If none of the above memory optimization procedures work, you may just have too much data for offline CNMF. For this case, we also provide an online version of CNMF (OnACID), which uses a small number of frames to initialize the spatial and temporal components, and iteratively updates the components as new data comes in. This uses much less memory than the offline approach. Caiman’s demo notebook for OnACID is found in demo_OnACID_mesoscope.ipynb
. See the Caiman paperꜛ for more discussion.
Motion correction
The first substantive step in our analysis pipeline is to remove motion artifacts from the original movie:
It is very important to get rid of motion artifacts, as the subsequent CNMF source separation algorithm assumes that each pixel represents the same region of space
First, we initialize the motion correction estimator using the parameters that we set above:
mot_correct = MotionCorrect(movie_path, dview=cluster, **parameters.motion)
Let’s consider a couple of the motion correction parameters:
pw_rigid=True
tells us that we are going to perform piecewise rigid motion correction using the nonrigid motion correction (NoRMCorre) algorithm (this is because the data seems to exhibit some non-uniform motion). If your data exhibits uniform motion across the field of view, set this toFalse
for efficiency.- NoRMCorre will split the movie into patches that repeat every 48 pixels (
strides
), and have 24 pixels of overlap (overlaps
): the total patch width is 72 (the sum of stride and overlap).
For a detailed exploration of Caiman’s motion correction pipeline, see the demo_motion_correction.ipynb
notebook in the Caiman repository.
The next step is to run the motion correction algorithm using the motion_correct()

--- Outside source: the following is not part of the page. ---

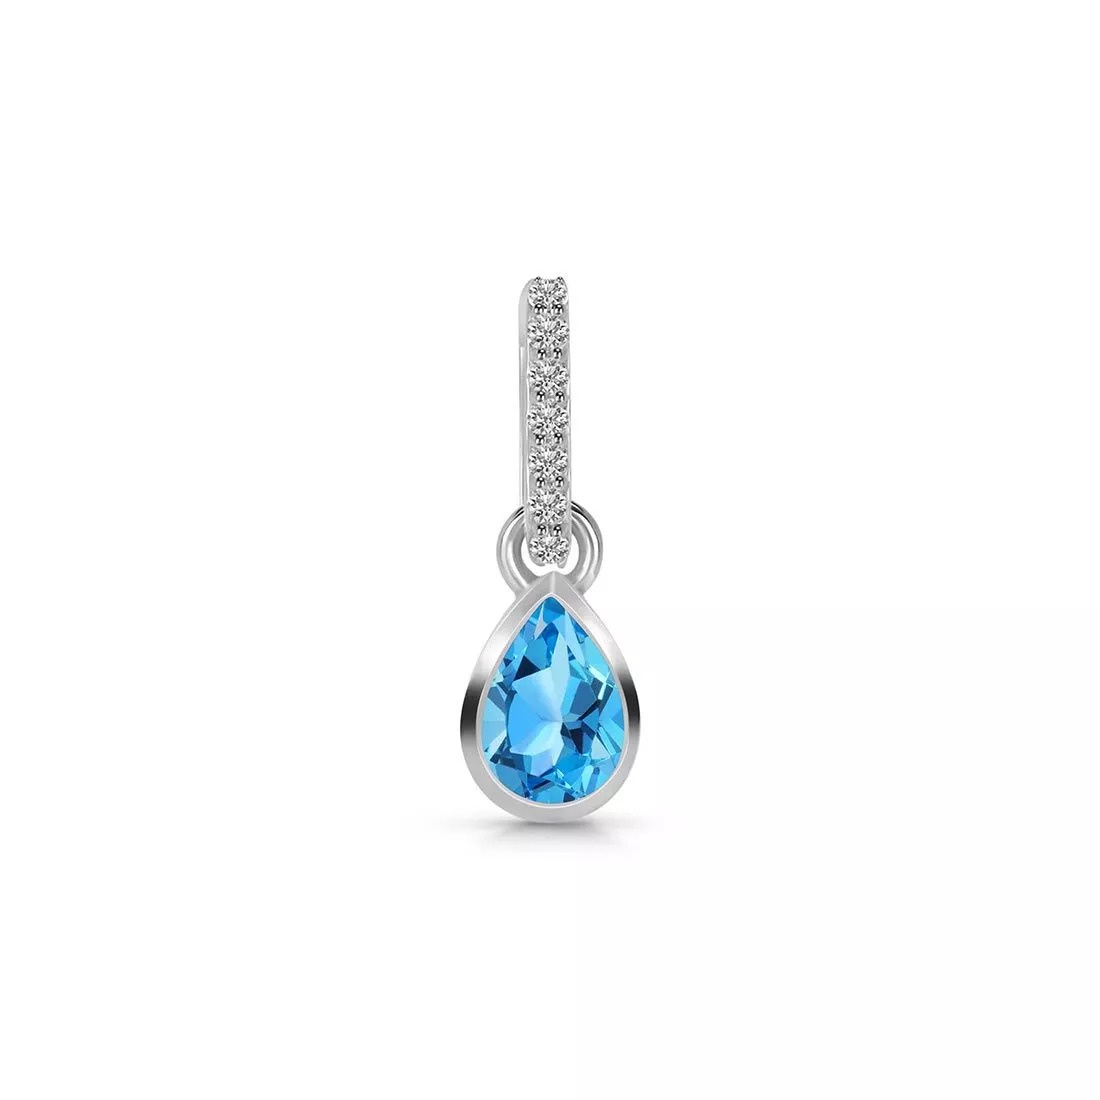 Swiss Blue Topaz: The Quam Perfectum Jewel for Ravishing Jewelry

method. You may see some warnings about negative movie averages: you can ignore them:
mot_correct.motion_correct(save_movie=True);
Inspect the results: compare the original movie with the motion corrected movie. We are turning the gain up here to highlight motion:
# compare with original movie; press q to quit:
movie_orig = cm.load(movie_path) # in case it was not loaded earlier
movie_corrected = cm.load(mot_correct.mmap_file) # load motion corrected movie
ds_ratio = 0.2
cm.concatenate([movie_orig.resize(1, 1, ds_ratio) - mot_correct.min_mov*mot_correct.nonneg_movie,
movie_corrected.resize(1, 1, ds_ratio)],
axis=2).play(fr=20,
gain=2,
magnification=2)
Let’s look at the max projection and correlation image of the motion corrected movies. In movies that originally contained a lot of movement, the summary images will look more “crisp” than in the originals because they are no longer blurred by movement:
max_projection = np.max(movie_corrected, axis=0)
correlation_image = cm.local_correlations(movie_corrected, swap_dim=False)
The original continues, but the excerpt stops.